Consider the sequence of positive integers $1, 2, 1, 2, 3, 2, 1, 2, 3, 4, 3, 2, 1, 2, 3, 4, 5, 4, 3, 2, 1, 2, 3, 4, 5, 6, 5, 4, 3, 2, 1, 2 \dots$

What is the $2025$ th term in the sequence?

$\textbf{(A) } 5 \qquad\textbf{(B) } 15 \qquad\textbf{(C) } 16 \qquad\textbf{(D) } 44 \qquad\textbf{(E) } 45$

Video Solution

https://youtu.be/l1RY_C20Q2M

Solution 1

One possible way the sequence could've been constructed was by putting "mountains" going up from $1$ , to $n+1,$ then going back down to $2.$ For example, the first few "mountains" look like this:

$12|1232|123432|12345432|...$

So, the $n^{th}$ mountain has length $2n$ and has highest number $n+1.$ We want to add mountains until we get a total length as close as possible, but not exceeding, $2025.$ Let the last mountain we sum be mountain $a.$ Hence, $2+4+6+...+2a=2(1+2+3+...+a)=a(a+1)\le2025$ $\implies a^2<2025\implies a<45,$ so our max $a$ is $44.$ In this $44^{th}$ mountain, the max number is $45,$ so the $45^{th}$ mountain has max number $46.$ Next, $44(44+1)=1980,$ so we're looking for the $45^{th}$ number in the $45^{th}$ mountain, which is $\boxed{\text{(E) }45}.$

~Tacos_are_yummy_1

This problem and problem 11 should've switched places tbh ;-; ~tacos
FRR

Video Solution (Fast and easy)

https://youtu.be/ZQhAdIs2FIg?si=mEgnYvdQ2sMrCx1P ~ Pi Academy

Solution 2 (nice equation)

Group the numbers by their hill pattern: $(12)(1232)(123432)(12345432)...$

The maximums of each hill occur at terms $n = 2, 5, 10, 17...$ These terms correspond to maximums of $2, 3, 4,...$ Let $a$ be the maximum at term $N$ . Since the sum of the first $x$ odd numbers is $x^2$ we have $1 + (a-1)^2 = N.$ So for example, if a = $4,$ then $N = 10,$ telling us that the peak of the hill with maximum $4$ occurs at the $10$ th term.

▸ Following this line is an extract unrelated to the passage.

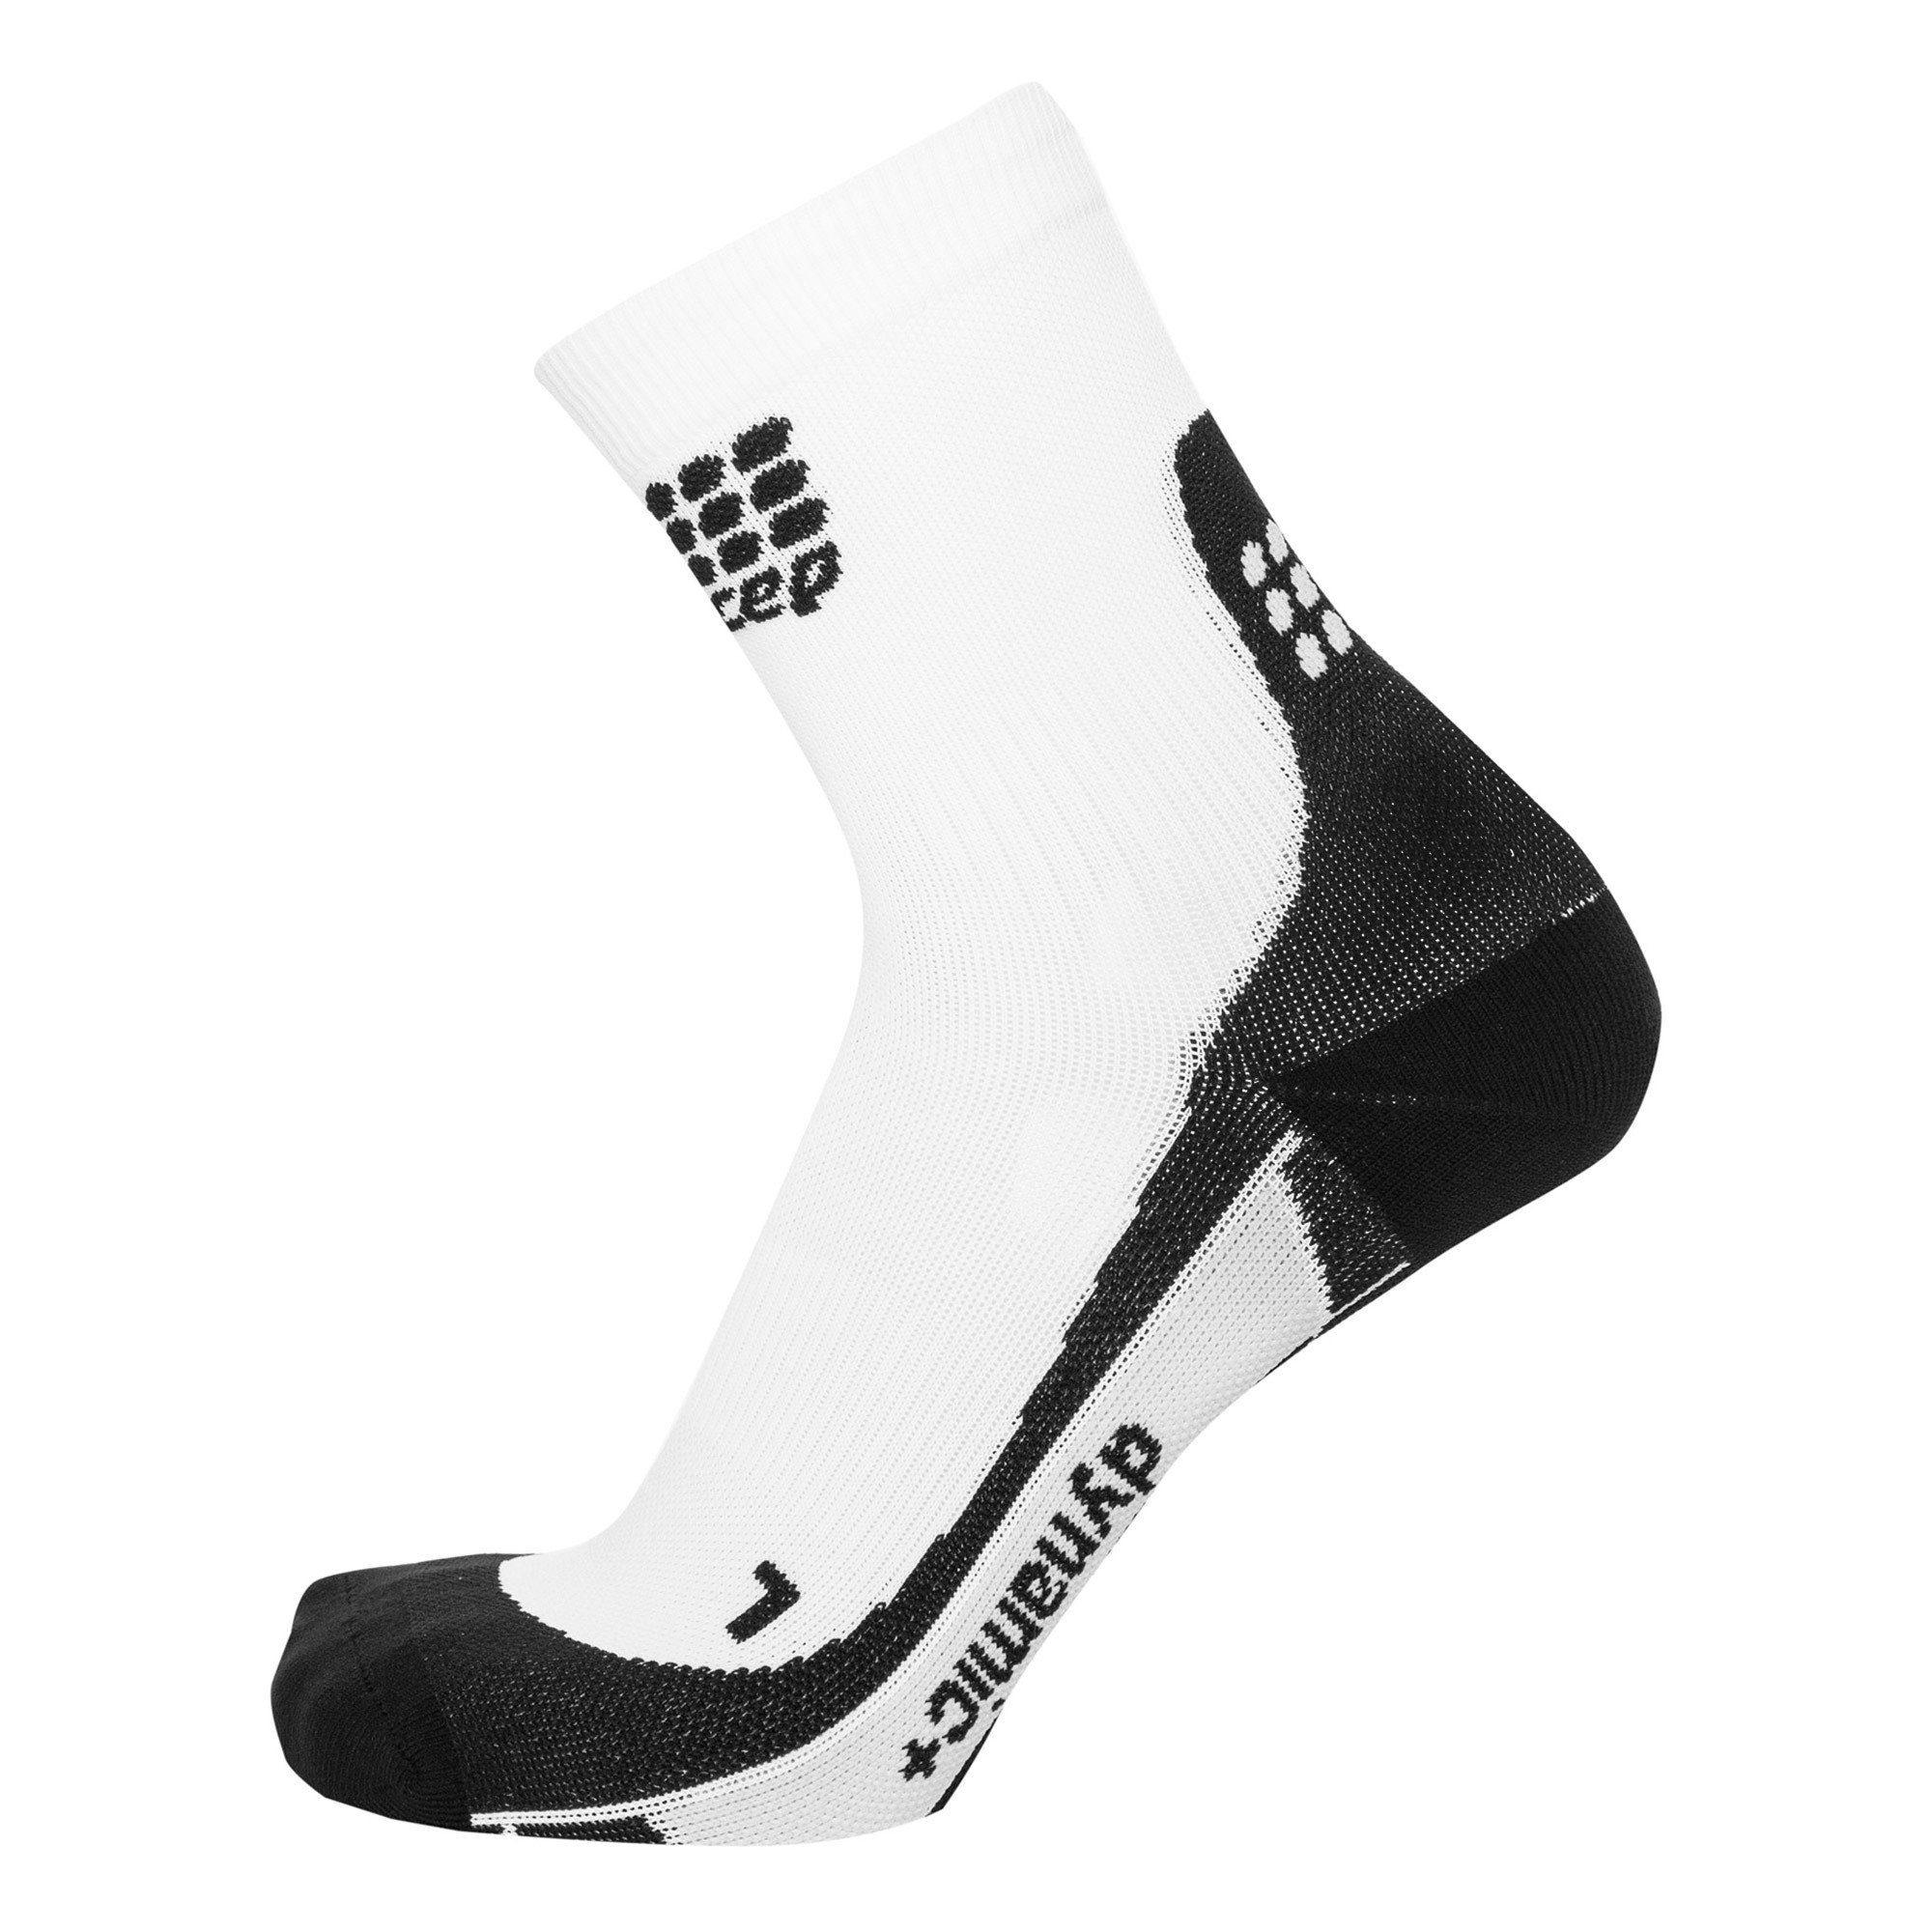 hochwertiges Design größte Auswahl an dauerhafte Modellierung CEP Strümpfe »CEP Short Socks Kompressionssocken Damen«

Now, we know $2025 = 45^2,$ so let $a = 46.$ Then $N = 2026,$ so the $2026$ th term is $46.$ Then the $2025$ th term must be $\boxed{\text{(E) }45}.$

~grogg007

Solution 3

Note that the first $1$ is the first number from the left, the second $1$ is the third number from the left, and the third $1$ is the seventh number from the left. Since the second differences between the indices of the $n$ th $1$ ’s are equal, there is a quadratic function for the position of the $n$ th $1$ . As the second differences are $2$ , the leading coefficient of this function is $1$ . Let the function be $f(x)=x^2+ax+b$ . Then, we have $1+a+b=1$ , and $4+2a+b=3$ . Solving, we get $a=-1$ and $b=1$ . Therefore, the $n$ th $1$ from the left is the $(n^2-n+1)$ th number from the left. Plugging in $n=45$ gives $f(n)=1981$ , so the $1981$ st number is a $1$ .

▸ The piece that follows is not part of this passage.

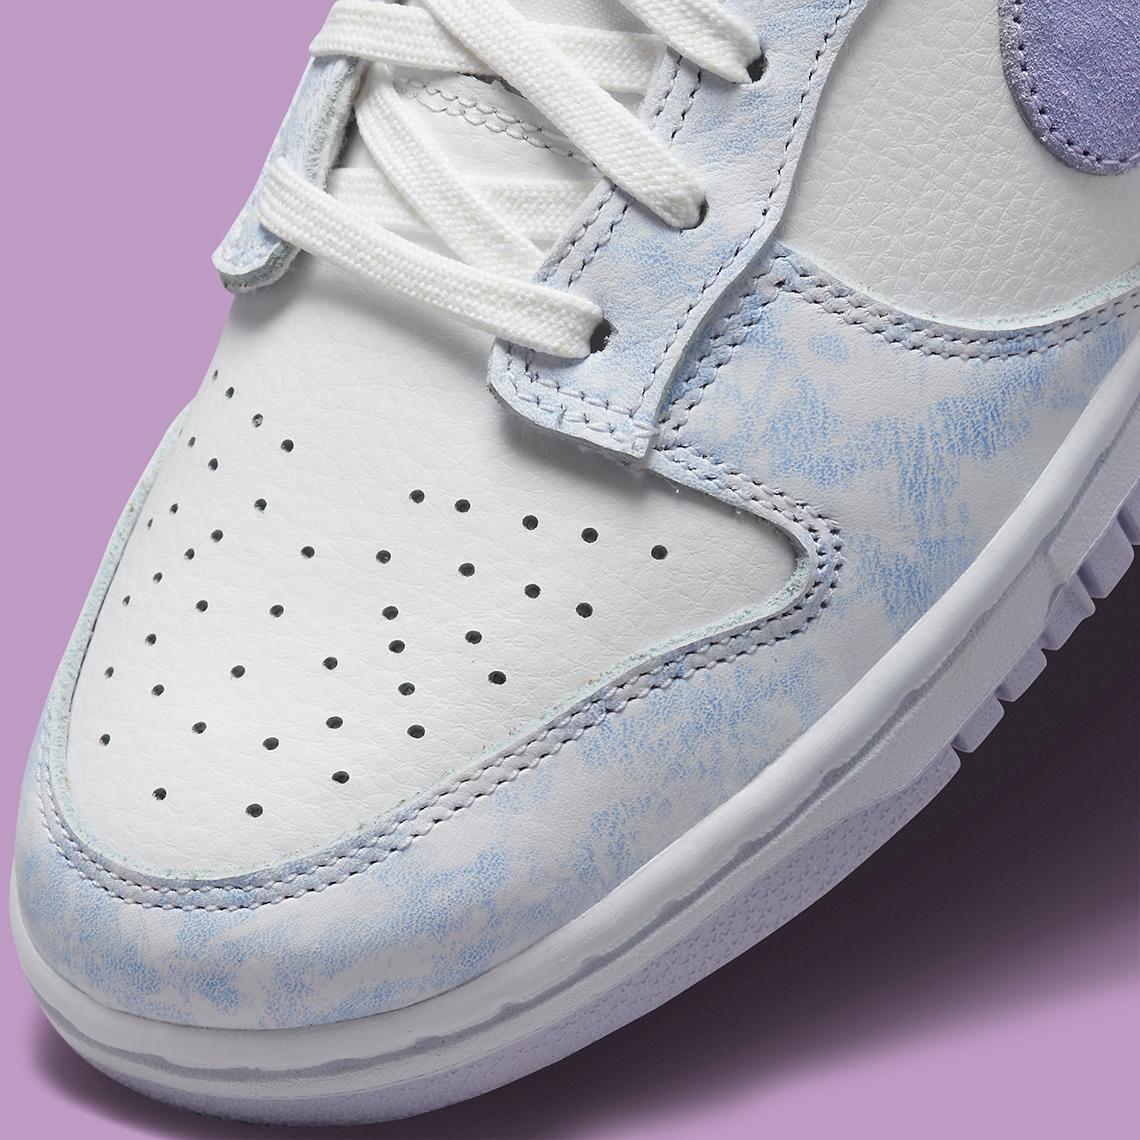 Nike Dunk Low ''Purple Pulse'' - DM9467-500

Also, the sequence shows that the first instance of a positive integer $k$ is always to the left of the $k$ th $1$ . This means that following the $1981$ st number, the numbers go to or above $45$ . Adding $2025-1981$ to $1$ means that the $2025$ th term of the sequence is $\boxed{\text{(E) }45}.$

~joiceeliu

Solution 4 (Quick and Fast!🚀)

Note that after every round, the number of terms is the highest term squared. For example, after the threes, there are $3^2 = 9$ terms. We also notice that $45^2 = 2025$ , so the $2025$ th term is $45$ , which is answer choice $\boxed{\text{(E)}45}.$

~iiiiiizh

Solution 5 (Super Simple!!)

Upon inspecting the problem, we see that the 1st term is 1, and so are the 3rd, 7th, 13th, 18th, 31st, and so on. We see that the pattern comes from the differences: +2,+4,+6,+8,+10, and so on. From this we see that a 1 appears at each position that is a number of the form n^2-n+1. We know that 2025 = 45*45. Plugging 45 as n gives 1981, meaning that the 2025th term is 2025-1981+1=45. Therefore, the solution is $\boxed{\text{(E)}45}.$

~vgarg

Solution 6 - ⚡ Very Fast! - Basic Math (& Pattern Recognition)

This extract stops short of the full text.